Concernant le jeu «Deep Impact», le but était de sensibiliser non seulement les jeunes mais aussi leur entourage à la symptomatologie de la commotion cérébrale qui est souvent peu spécifique et donc banalisée lorsqu’elle est méconnue. Une prise en charge adéquate permet aux patients, enfants ou adultes, de mieux se rétablir et de diminuer le risque de séquelles au long terme.
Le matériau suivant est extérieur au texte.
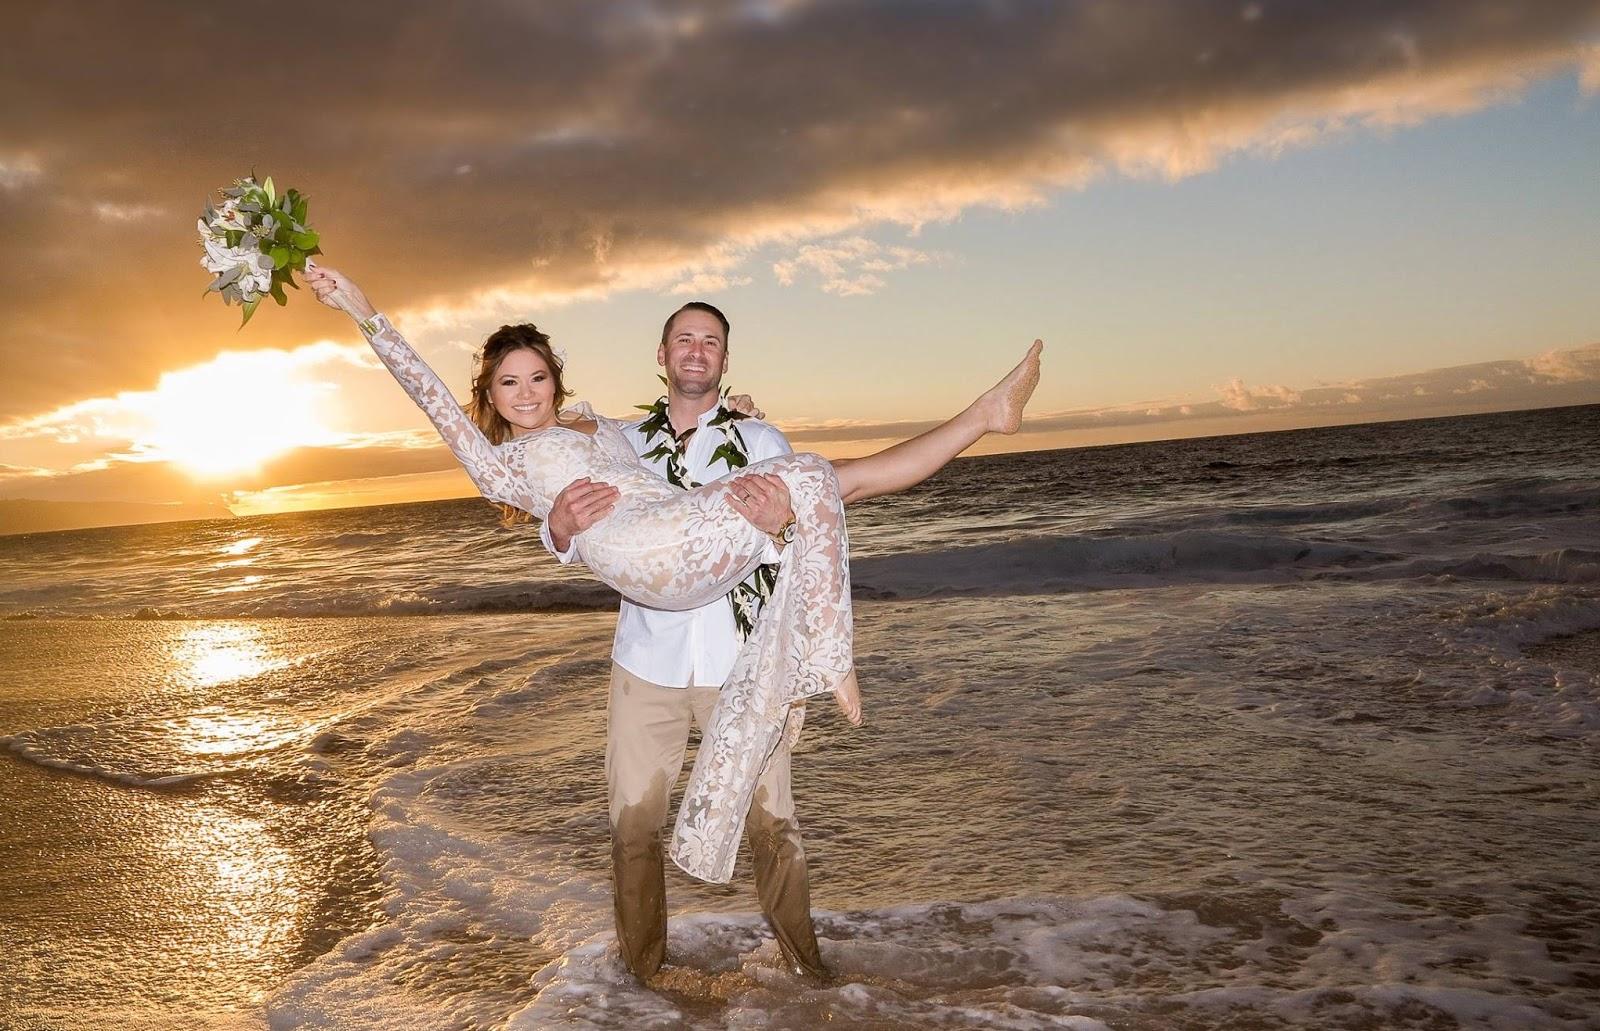 7 Tips to Plan a Successful Beach Wedding in Hawaii

Cela est fait grâce à de nombreux intervenants qui travaillent en interdisciplinarité et permettent au patient d’avoir un suivi régulier et un soutien à chaque étape de réhabilitation qu’il traverse.
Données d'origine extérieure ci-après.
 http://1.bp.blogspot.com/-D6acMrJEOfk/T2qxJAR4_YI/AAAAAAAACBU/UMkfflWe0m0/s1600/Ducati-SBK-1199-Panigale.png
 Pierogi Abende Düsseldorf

Une formation continue interdisciplinaire en immersion
D’un point de vue académique, les étudiant-e-s ont reçu de nombreuses formations de la part des différents corps de métiers. Celles-ci se présentaient sous forme de cours ou d’enseignement pratique. En fonction des horaires au Vortex, les étudiants ont participé à différentes formations, comme par exemple, les examens cliniques ostéo-articulaires, les soins de podologies, le traitement de plaies, les soins dentaires spécifiques au sport, la lecture d’imageries, ainsi que de nombreuses présentations de cas clinique intégrant une réflexion multidisciplinaire entre les divers corps de métiers présents sur le site.
En plus de ces formations, il y avait un programme académique officiel avec, deux conférences quotidiennes sur divers thèmes en médecine du sport. Ces présentations étaient aussi ouvertes aux équipes médicales de chaque pays, permettant un partage de connaissances très diversifiées et intéressantes.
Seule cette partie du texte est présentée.